-- Task objective --
Please output exactly the lines below, starting at the line that has "jonge gezonde vrouw" and ending at the line that has "Neve Certipaesaggi Giornatealternative", both included; leave out all pictures and include nothing else.
━━━ Task data ━━━
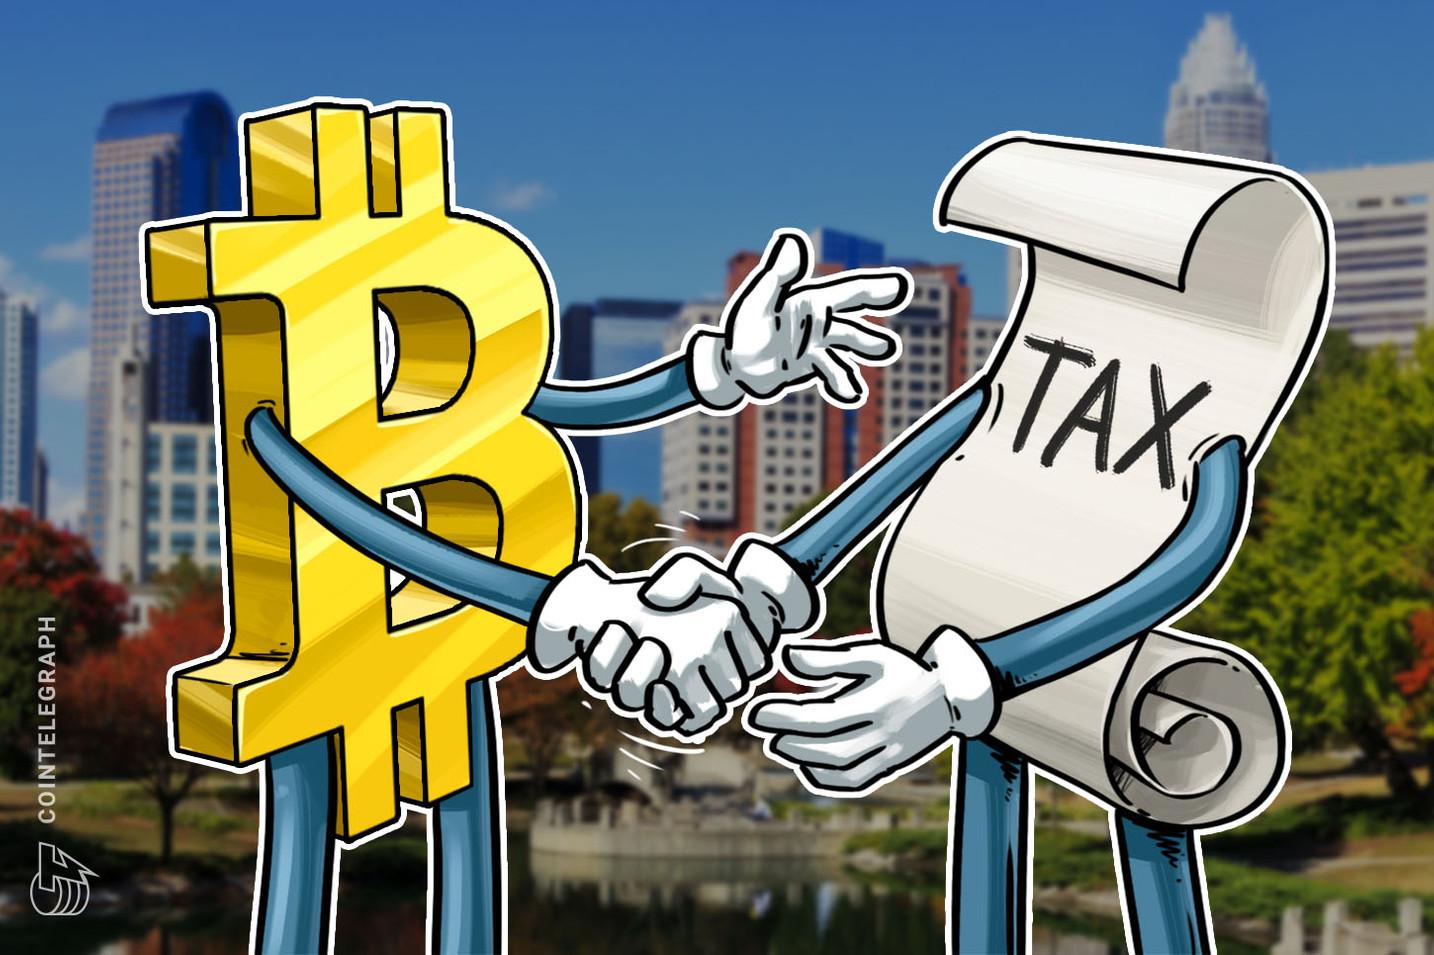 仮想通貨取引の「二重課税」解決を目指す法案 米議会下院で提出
━━━
━━━ Task data ━━━
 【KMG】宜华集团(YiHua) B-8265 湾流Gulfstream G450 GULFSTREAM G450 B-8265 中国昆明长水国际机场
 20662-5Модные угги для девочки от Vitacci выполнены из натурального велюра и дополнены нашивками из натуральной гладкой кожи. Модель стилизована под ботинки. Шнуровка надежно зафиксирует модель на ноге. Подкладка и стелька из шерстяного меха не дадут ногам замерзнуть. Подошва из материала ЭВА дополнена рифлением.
━━━
━━━ Task data ━━━
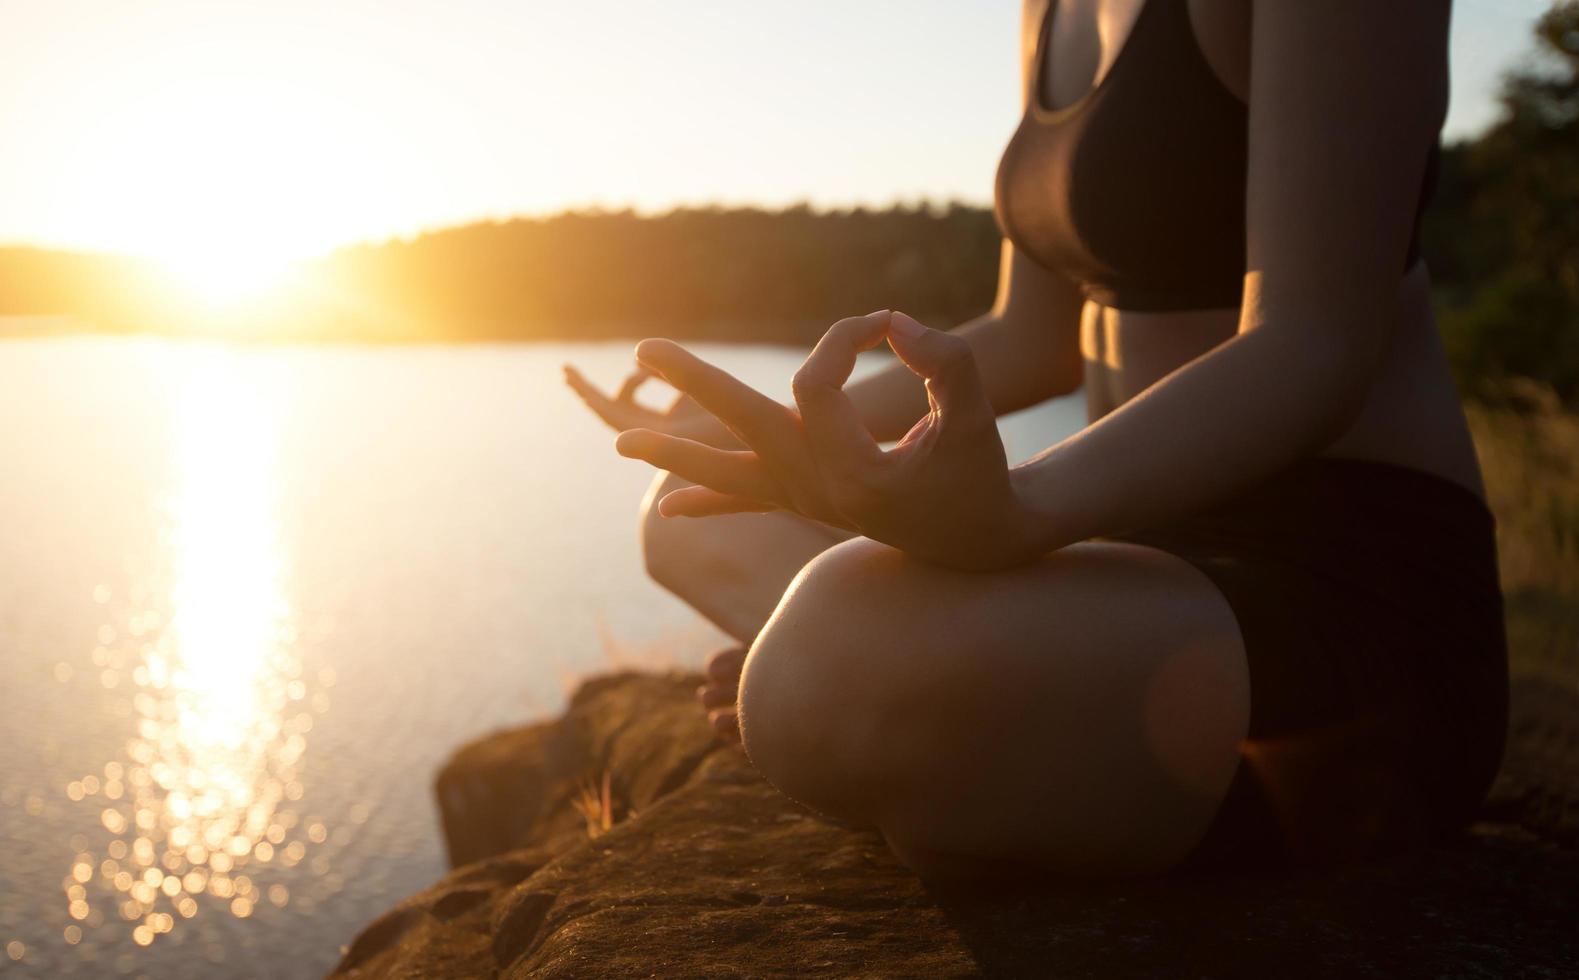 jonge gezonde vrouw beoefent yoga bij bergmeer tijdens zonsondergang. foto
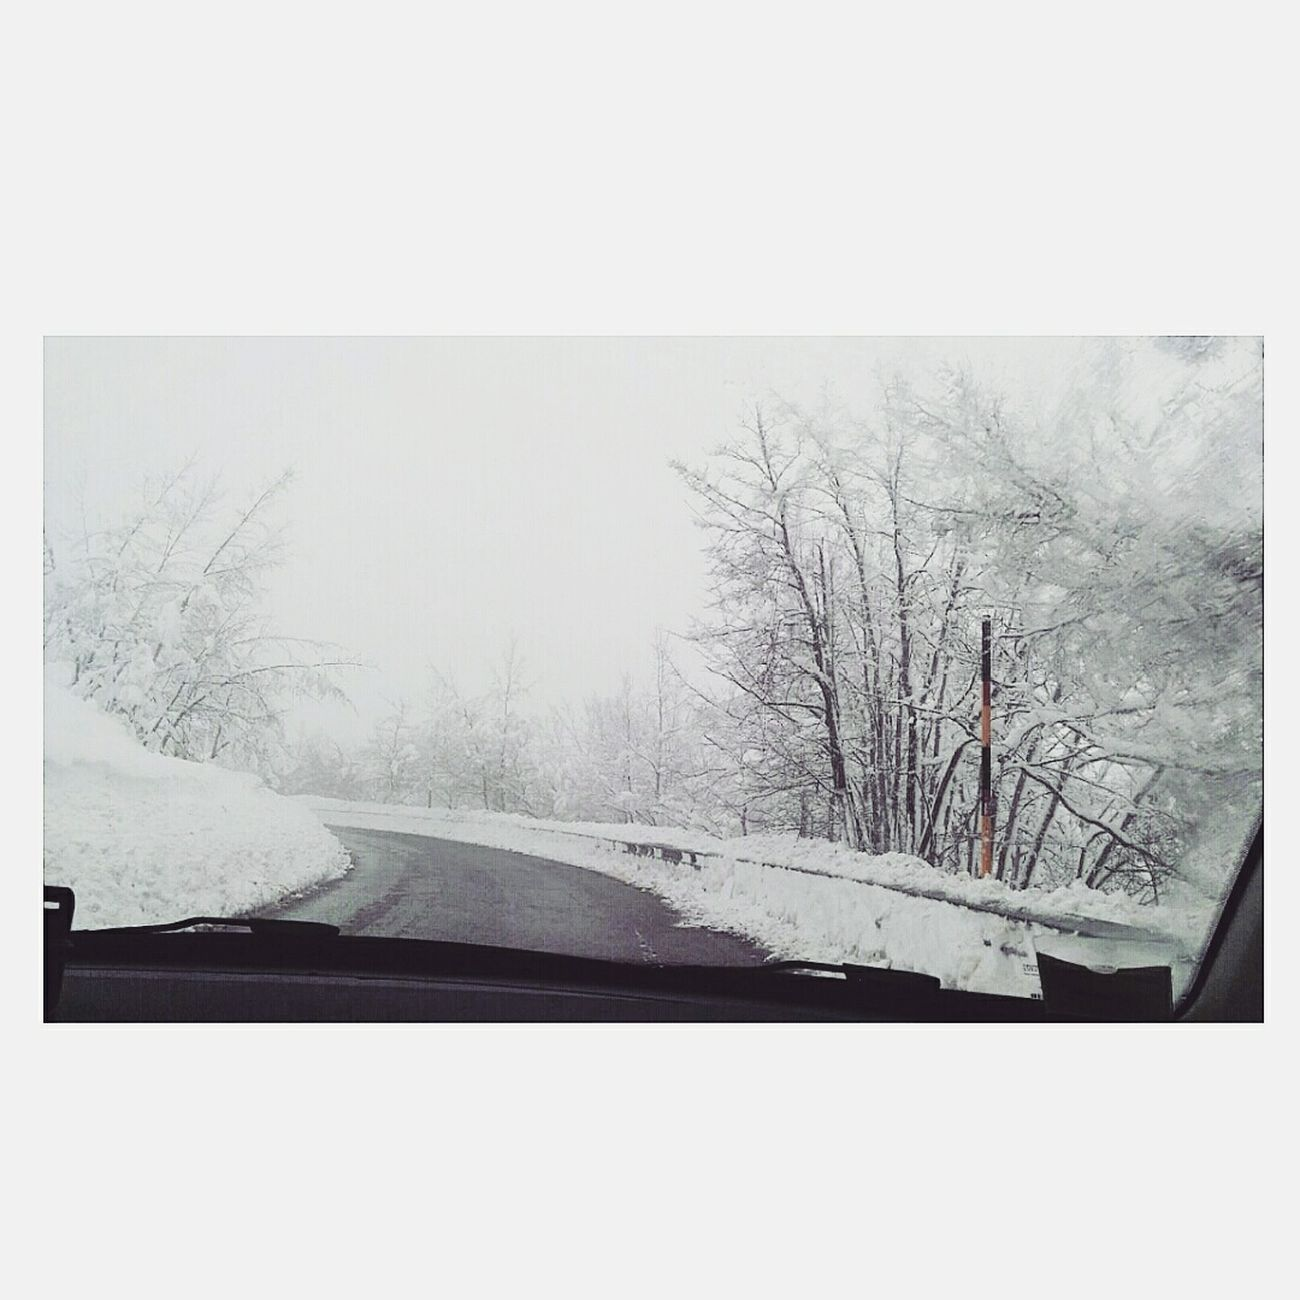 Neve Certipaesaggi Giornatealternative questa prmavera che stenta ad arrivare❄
━━━
-- Result for this exercise --
 jonge gezonde vrouw beoefent yoga bij bergmeer tijdens zonsondergang. foto
 Neve Certipaesaggi Giornatealternative questa prmavera che stenta ad arrivare❄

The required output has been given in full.